NoMoreCloudyDays · 01/07/2026 07:58

I have a big birthday coming up and my partner and I were planning a holiday for it with our children. My sister suggested a family holiday with me, my partner, our children, my siblings with their partners and children and our mum and her partner. Mine and siblings kids are all 18+. We all agreed.

It has come to booking it and my mum and her partner now also want to invite his adult children and their kids, who are aged 12-17.

My mum classes her partners children as her children. She refers to them as my brother and sister but I don’t class them as that. I don’t like them due to things they’ve done and said in the past so I don’t want to go on holiday with them. My brother feels the same and has said he’s not going if they are. My daughter and niece who are 18 really dislike one of their children. My sister has said it would be better without them, but she will go either way and will just be civil.

I have told my mum that we don’t want to go on the holiday if her partners kids are coming as it won’t be enjoyable. My mum has said that she won’t go without them. My mum is now being hostile to me and my brother.

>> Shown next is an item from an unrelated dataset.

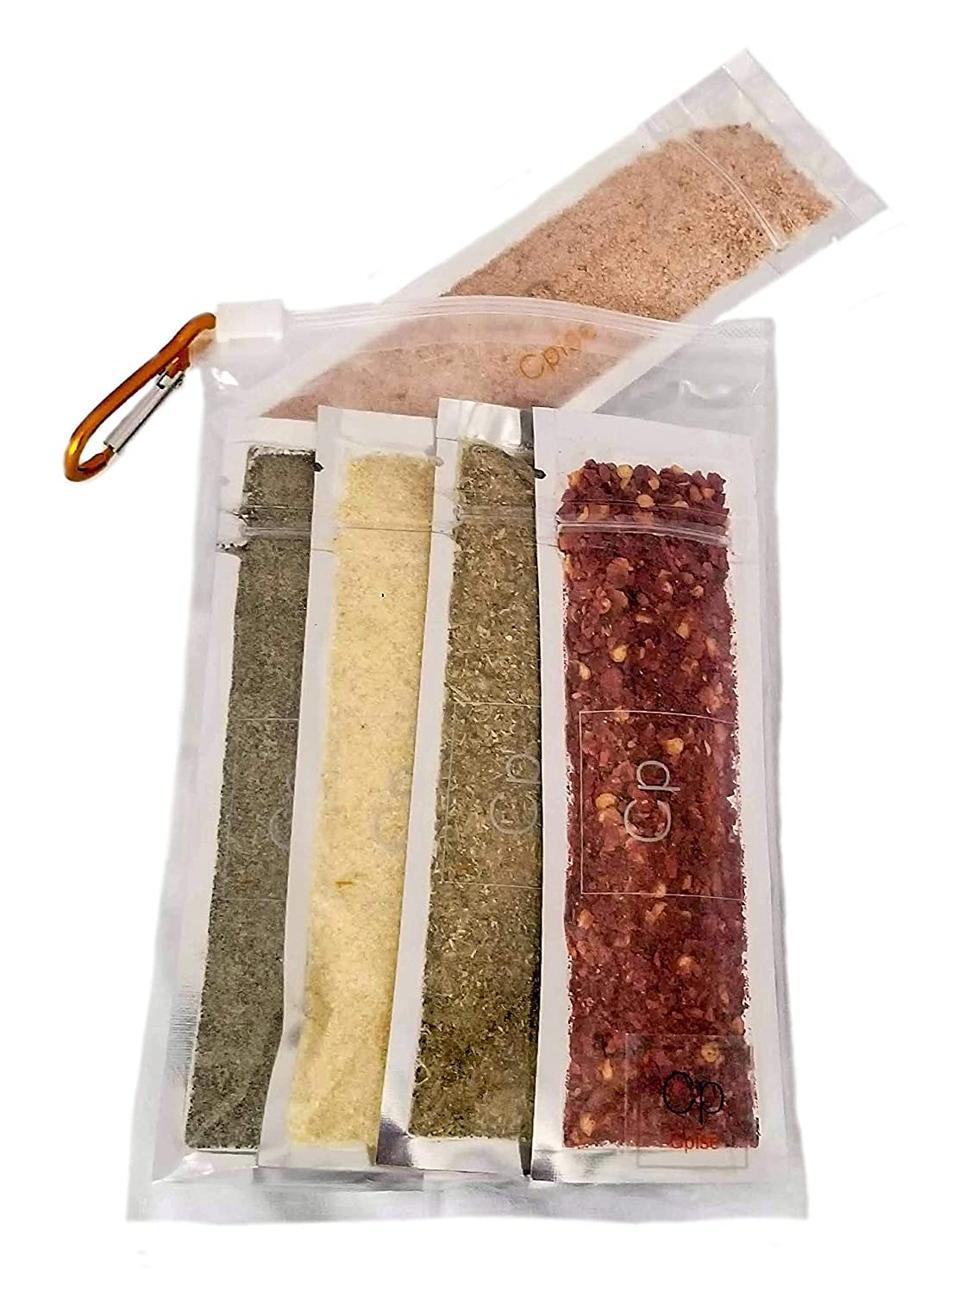 CSpice Organic Camping Spice Set

I don’t want to argue and fall out with my mum but I’m not prepared to spend my birthday and a lot of money on a holiday with people I don’t like. It would also be a very different holiday because their kids are younger.

My sister has suggested we just forget the holiday altogether to keep the peace but my brother and I think that is unfair, it was my sister’s idea in the first place and we should still go. We were all looking forward to booking and going away together before the mention of my mums partners children and their children.

What would you do?

OP posts:
NoMoreCloudyDays · 01/07/2026 09:24

ThejoyofNC · 01/07/2026 08:46

Why have a group of grown adults taken such a strong dislike to a couple of kids? The reason it's pretty important here.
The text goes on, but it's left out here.